Published: Sunday, January 16, 2011 at 8:49 p.m.
Last Modified: Sunday, January 16, 2011 at 8:49 p.m.

CHICAGO — With farsighted visions of hosting the Green Bay Packers at Soldier Field in an epic NFC Championship Game, the Chicago Bears built a big early lead and beat the Seattle Seahawks 35-24 at Soldier Field on Sunday in a divisional playoff game.

In front of a crowd of 60,010, the Bears marched to a 21-0 halftime lead and never looked back as Jay Cutler hooked up with tight end Greg Olsen on a 58-yard TD pass on the opening drive. Cutler also scored two touchdowns, becoming the first Bears quarterback to run for a postseason score since Jim McMahon did so in Super Bowl XX

The Bears and Packers will meet in the postseason Sunday for the first time since Dec. 14, 1941, a game the Bears won 33-14. This season, the Bears and Packers split the two regular-season games.
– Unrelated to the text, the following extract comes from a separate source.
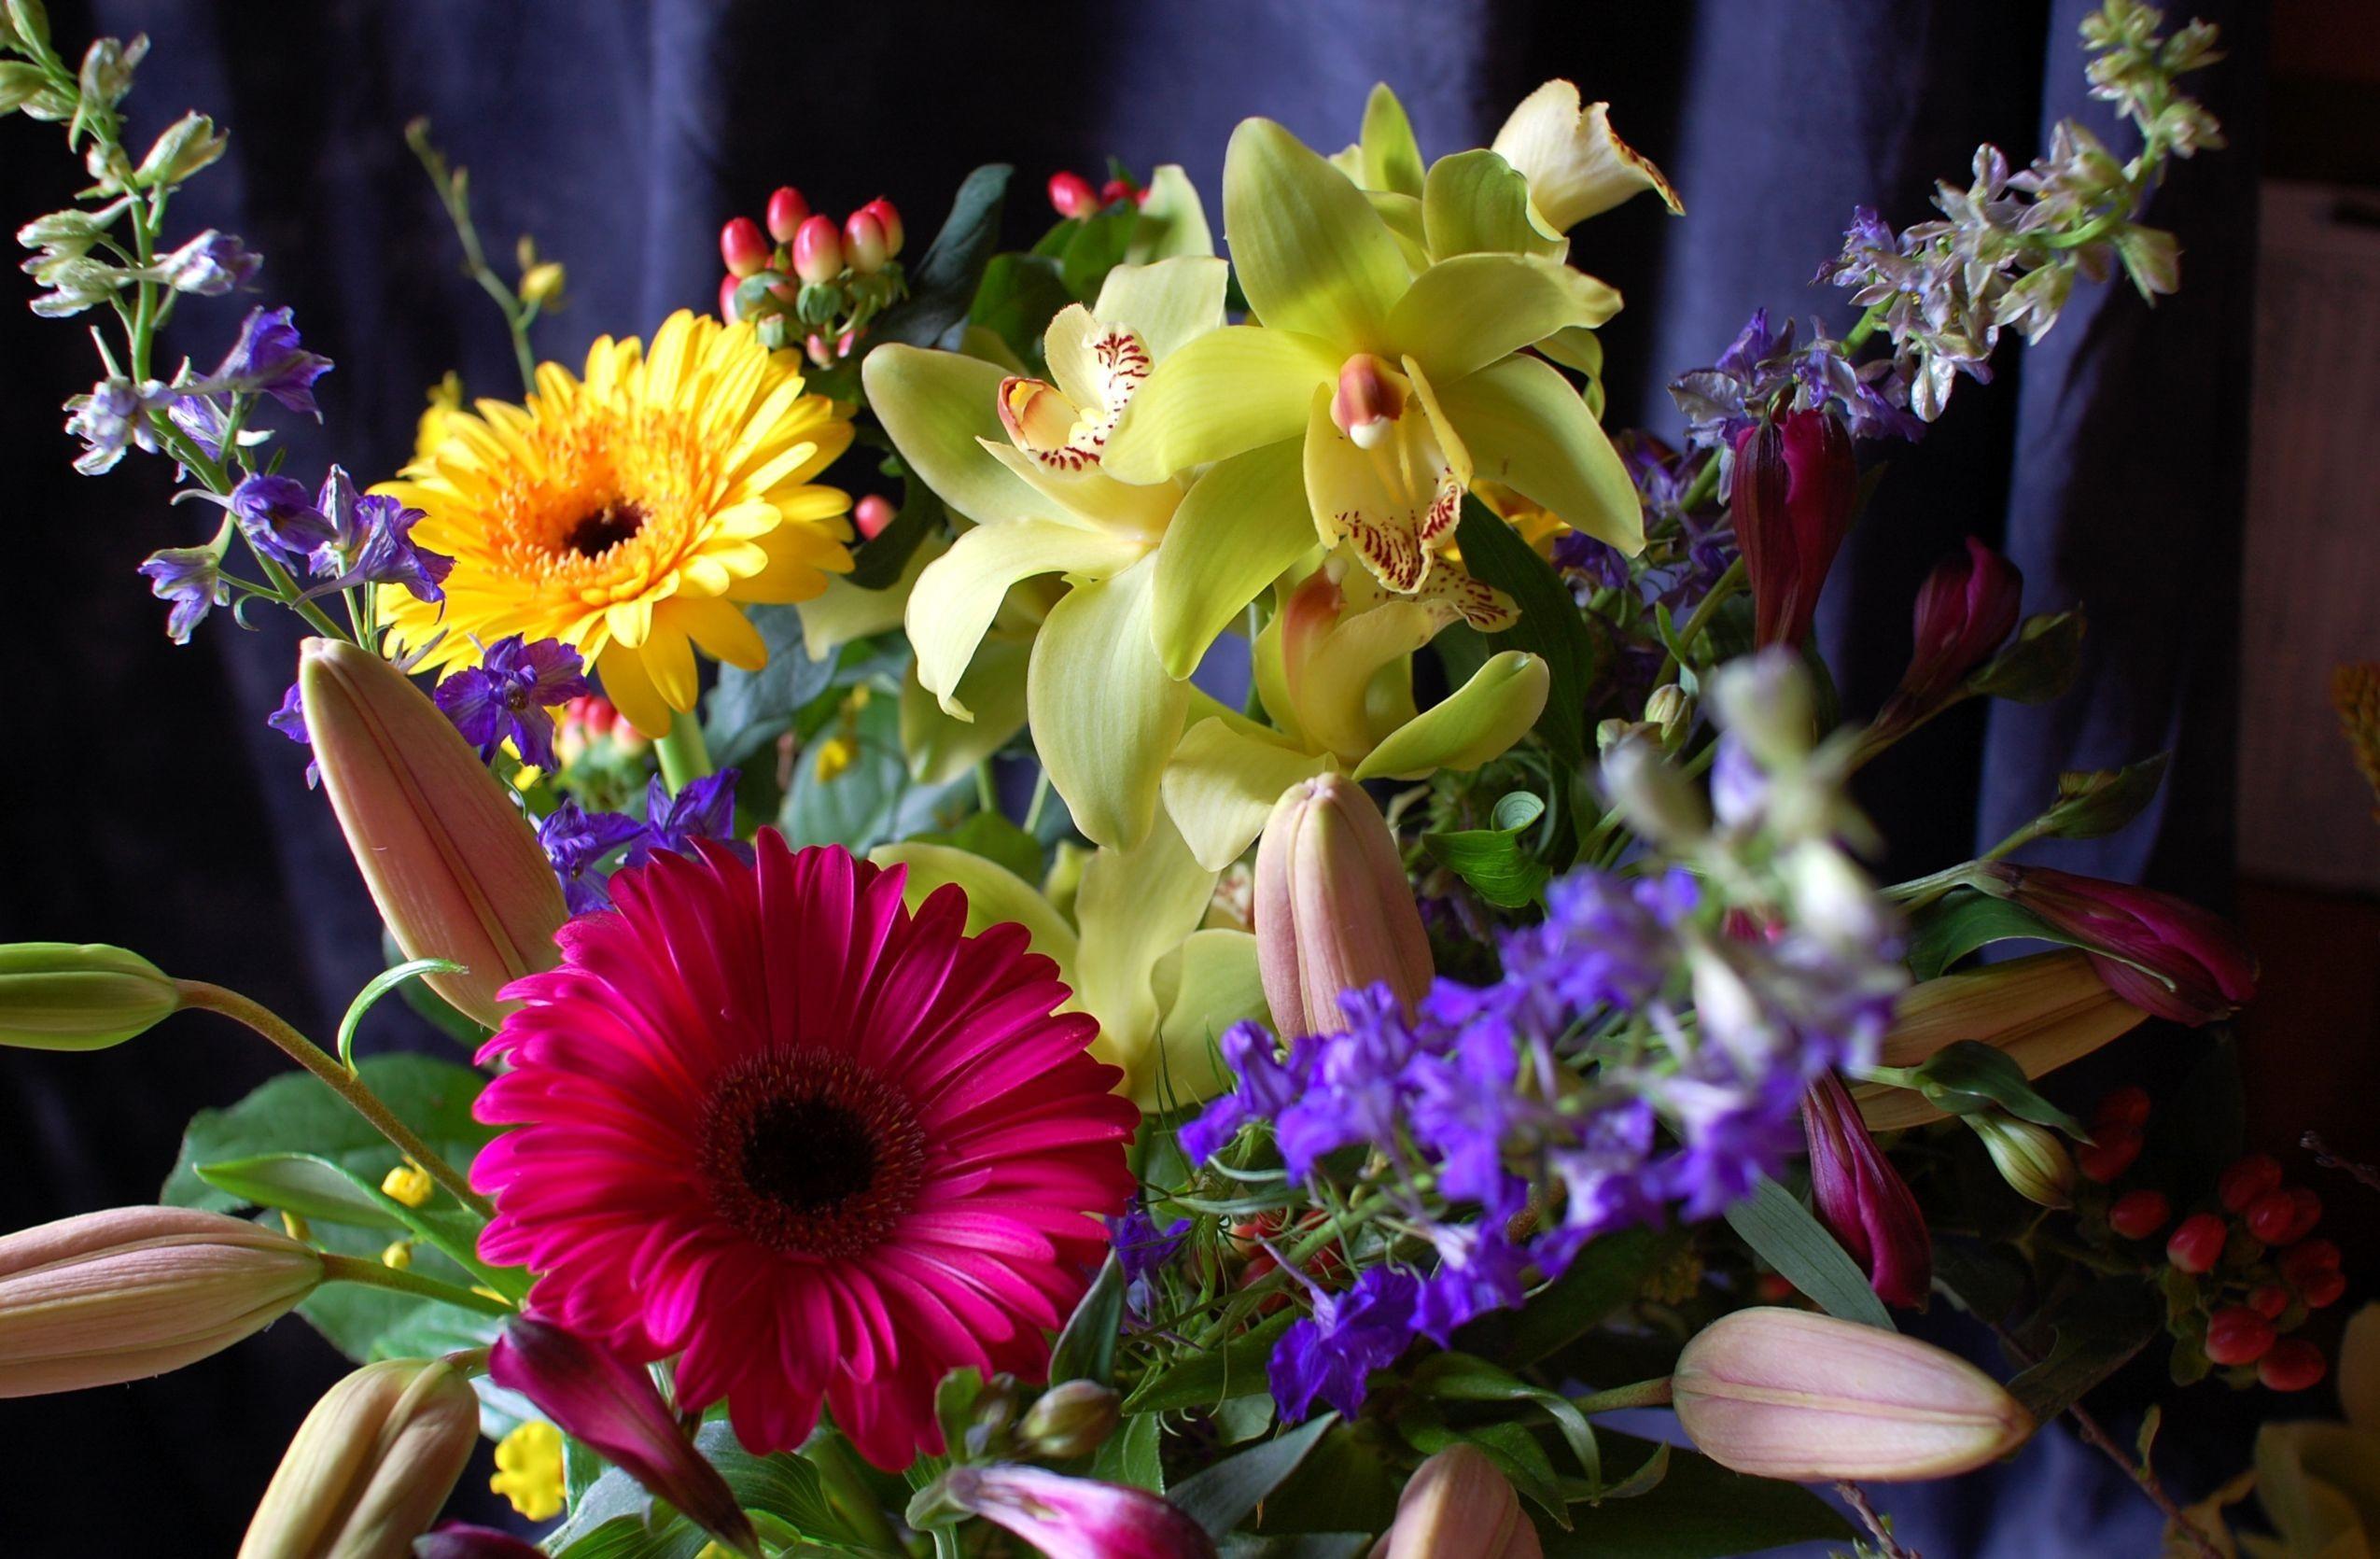 есть найти красивые фото цветов на первое самые интересные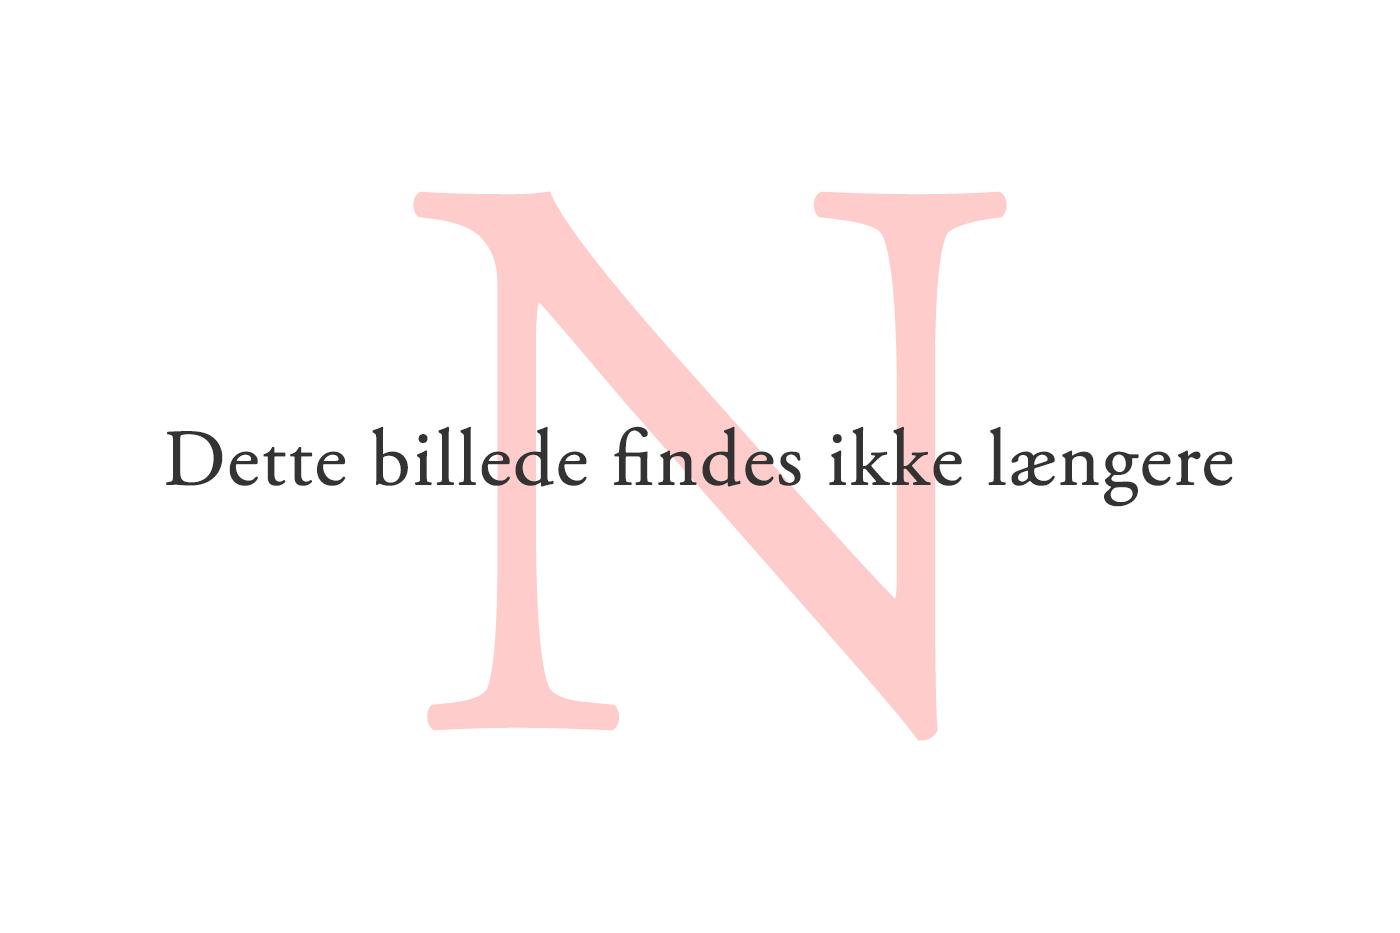 Danske campister synes tempo100-ordningen er for dyr. Foto: Pixabay.com

"It's a great challenge for us," Bears linebacker Brian Urlacher said of hosting the Packers. "We've played pretty well against them here the last couple of years. I'm excited we get the chance to play them at our place."

A victory next Sunday would send the Bears to the Super Bowl for the first time since the 2006 season, when they lost to the Colts in Super Bowl XLI, and give them a chance to win the big game for the first time since Super Bowl XX on Jan. 26, 1986.

But the Packers stand in the way.

"It just doesn't get any better than for the NFC championship to come down to the Packers coming down on our turf this time," Bears coach Lovie Smith said. "The Packers and Bears to finish it up, that's how it should be."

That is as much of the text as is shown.